Do note that the original "hack" was from 35 to 85 (and it didn't look like 85 to a human) with a single piece of straight tape, not 65 to 85. Not exactly the same thing we're talking about here.


FWIW I agree if it'd fool a human it'd likely fool any version of driving software right now.

Though probably worth noting Tesla supposedly is reading signs in a different way than Mobileye (which was more easily fooled but such things) is reading signs, so as not to infringe on MEs patent- though (other than them having said patent) this is based somewhat on speculation.
 
Easy solution, close your schools due to Covid. Best part of Covid for me so far. School zones everywhere near where i live. If not that, then buses with blinking yellow lights. Not happening now cuz schools are all teaching remotely. Good for them.
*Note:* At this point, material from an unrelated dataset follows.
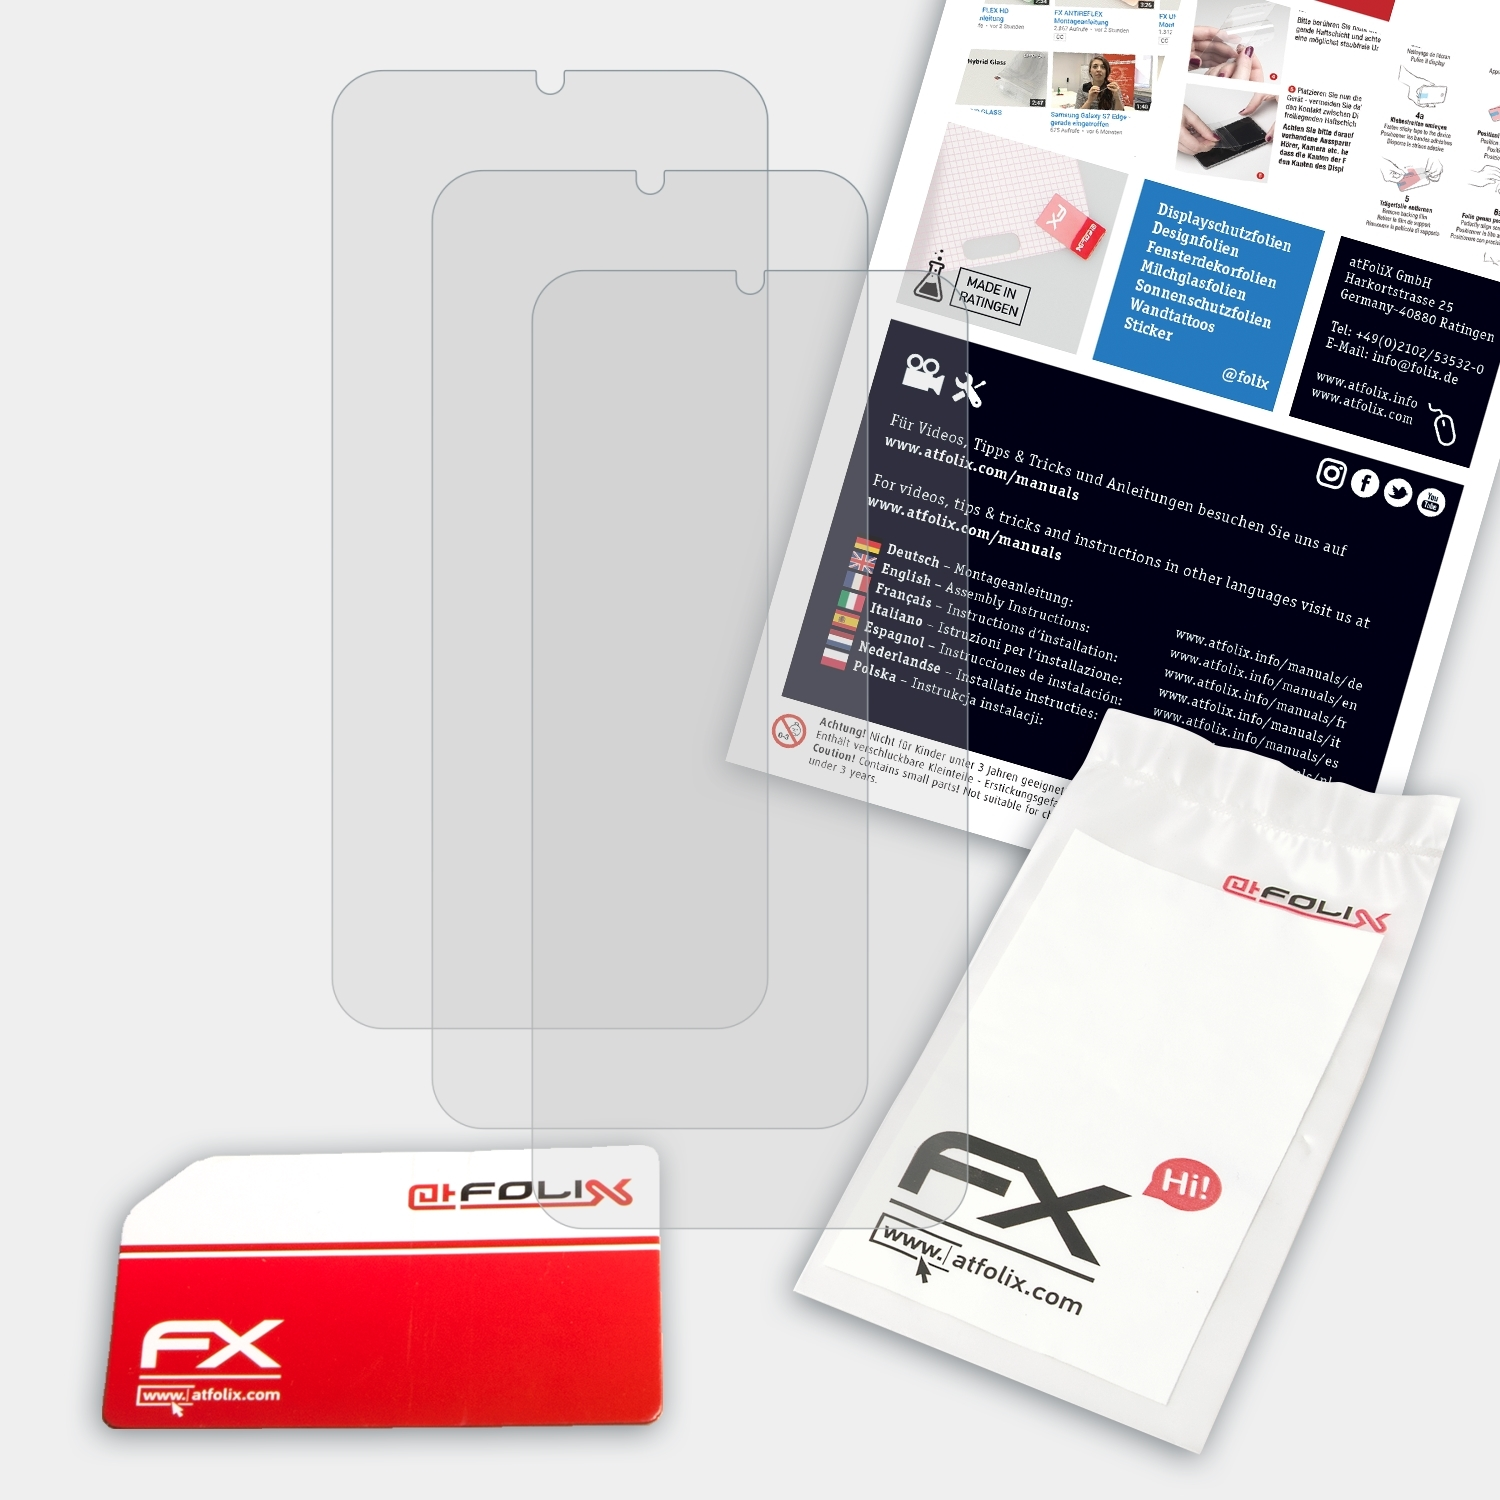 3x Displayschutz(für Tecno Pro) ATFOLIX 12 FX-Antireflex Camon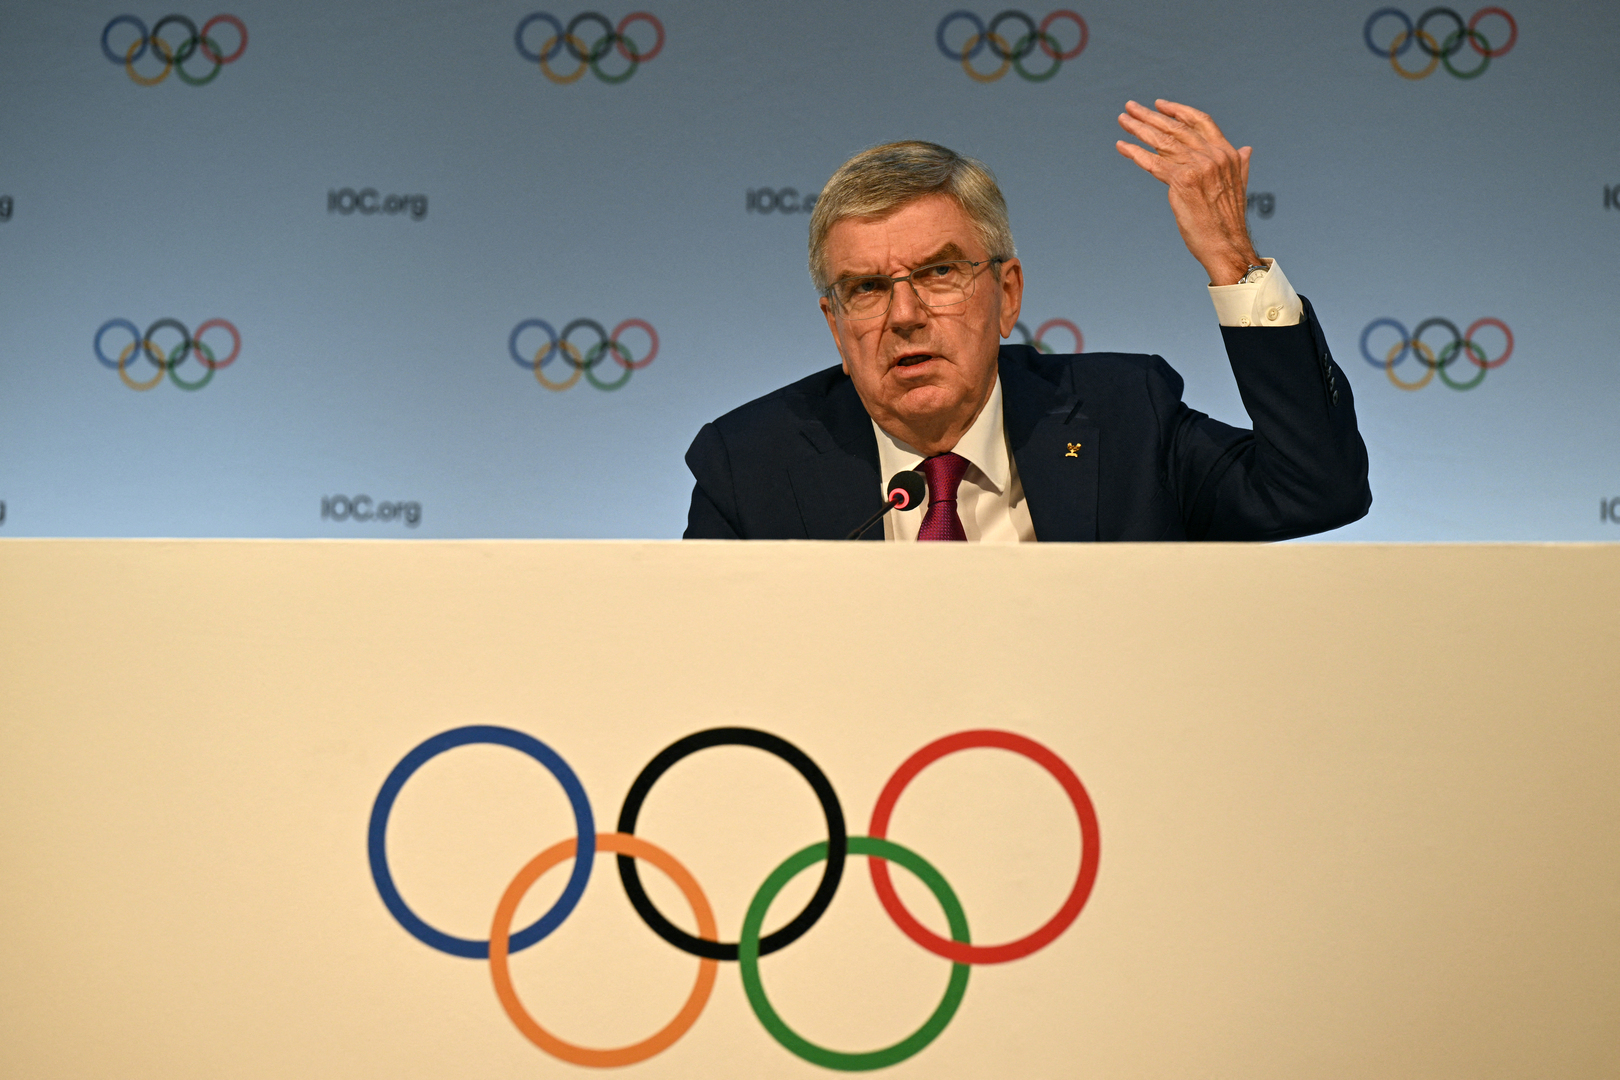 رئيس اللجنة الأولمبية الدولية يحسم جدل مقاطعة روسيا المحتملة لأولمبياد باريس 2024

funny schools were the 1st to close, last to open in AZ. Meanwhile we have football with spectators and the governor was complaining about college sports :(
 
The speed limit sign reading is totally not working on rural roads (in Colorado). It's missing half the signs and it's consistently reading 65 as 45. This makes auto-pilot useless! And it can't be turned off--I've tried everything. I'm amazed more people aren't having this problem. I guess people don't drive on rural roads much?
Mine works as well as yours in Nebraska (not good at all). I was hoping the "sign reading" update would fix my incorrect speed limits on roads I drive every day, but it made them worse and inconsistent. Hopefully Tesla fixes this soon with an update.

The speed limits here all went up by 5 MPH two years ago (2 years!) and most of them in the rural paved roads that I drive are still wrong in the database. They show up as 60 MPH when they should be 65 MPH. Since they are unprotected roads, FSD limits me to 5 over, or 65 MPH. But I like to drive 3 over (68 MPH). Before the "sign reading" update I just held my foot on the accelerator to override the limit and go 65 MPH. Now with the newest updates, the car thinks that the 65 MPH roads are still 60 MPH or in random sections it thinks they are 45 MPH.